Traditional negotiation, conducted face-to-face and via mail or telephone, is often difficult to manage, prone to misunderstanding, and time consuming. Negotiators are typically satisfied with the final outcome and, in many instances, proudly describe it. However, closer inspection usually reveals that money is squandered, resources wasted, and potential joint gain untapped. Automated negotiation promises a higher level of process efficiency, and more importantly, a faster emergence and a higher quality of agreements. The potential monetary impact has led to an increasing demand for systems composed of software agents representing individuals or organizations and capable of reaching efficient agreements (e.g., the industrial trend toward agent-based supply chain management). Work to date on automated negotiation has generated many useful ideas and concepts leading to important theories and systems. Yet, the field is still immature.
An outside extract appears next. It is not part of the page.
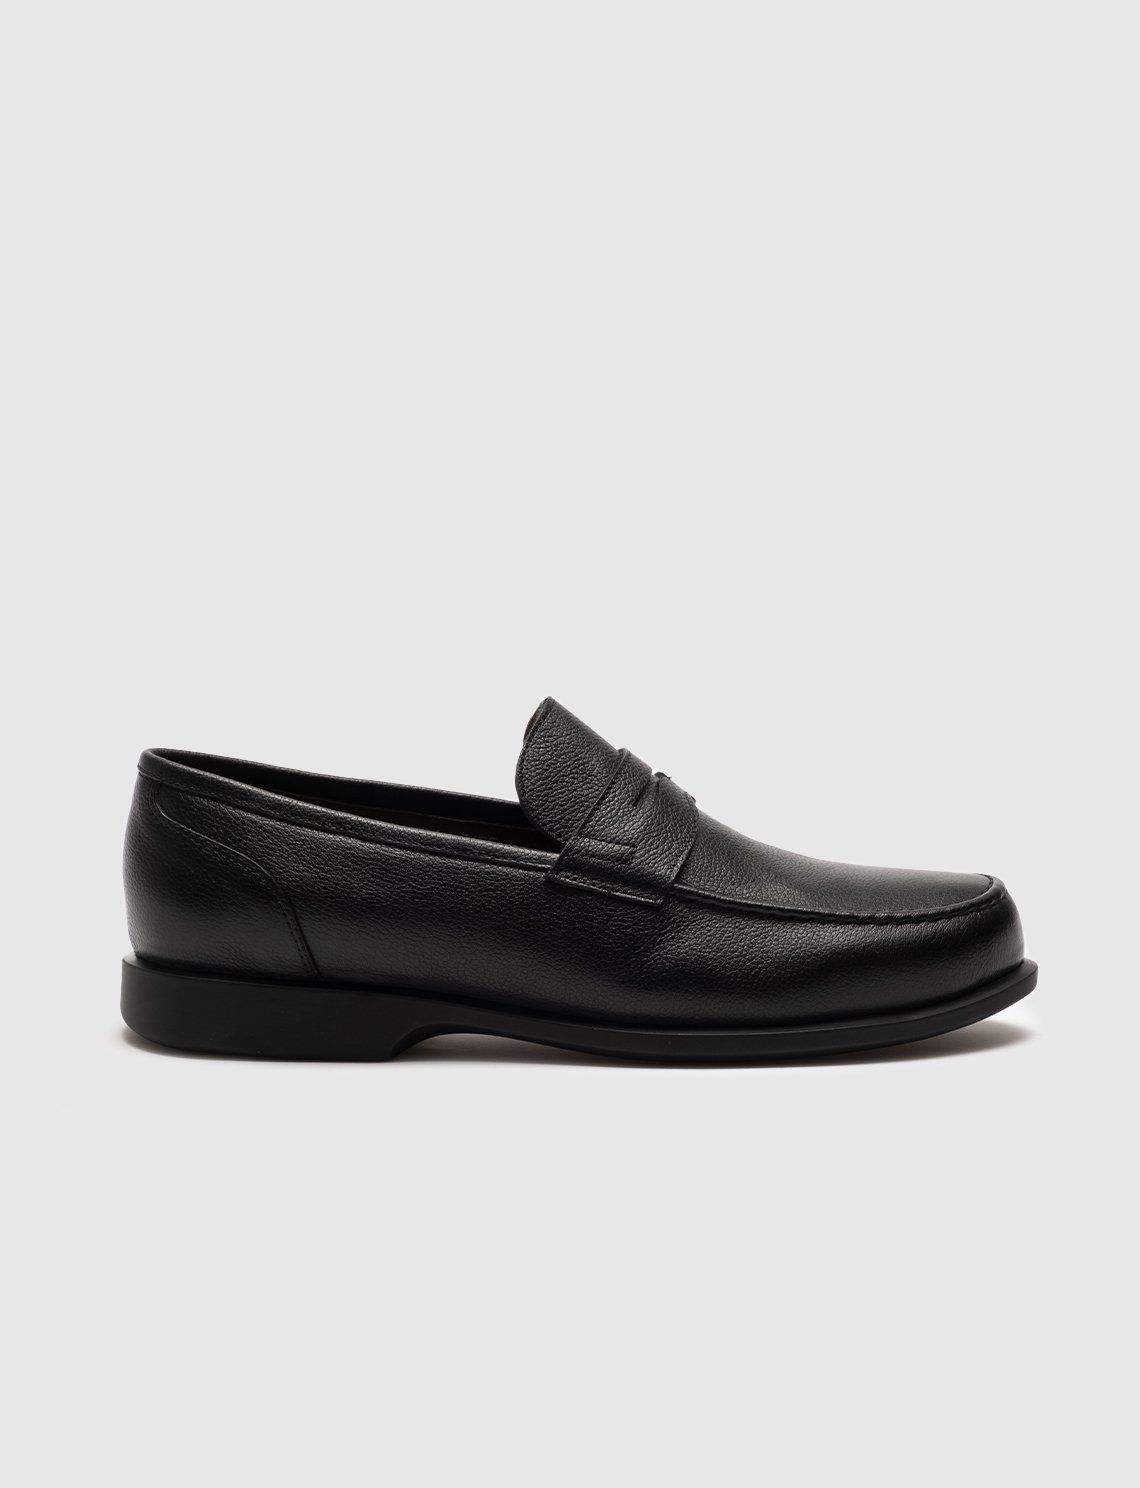 Men Genuine Leather Round Toe Penny Loafers

The design of software agents with negotiation competence largely lacks systematic, traceable, and reproducible approaches, and thus remains more an art than a science. Against this background, this paper presents a model for software agents that handles two-party and multi-issue negotiation, manages important activities that negotiators often perform before starting to negotiate, and formalizes relevant procedures studied in the social sciences and frequently used in real-life negotiation. The model incorporates various strategies and tactics. Strategies are computationally tractable functions that define the tactics to be used both at the beginning and during the course of negotiation. They are based on rules-of-thumbdistilled from behavioral practice in human negotiation. Tactics, in turn, are functions that specify the short-term moves to be made at each point of negotiation. They are structured, directed, and driven by strategic considerations.

Keywords


Automated negotiation, Bargaining, Negotiation strategies, Negotiation tactics, Autonomous agents, Multi-agent systems, Negotiation systems.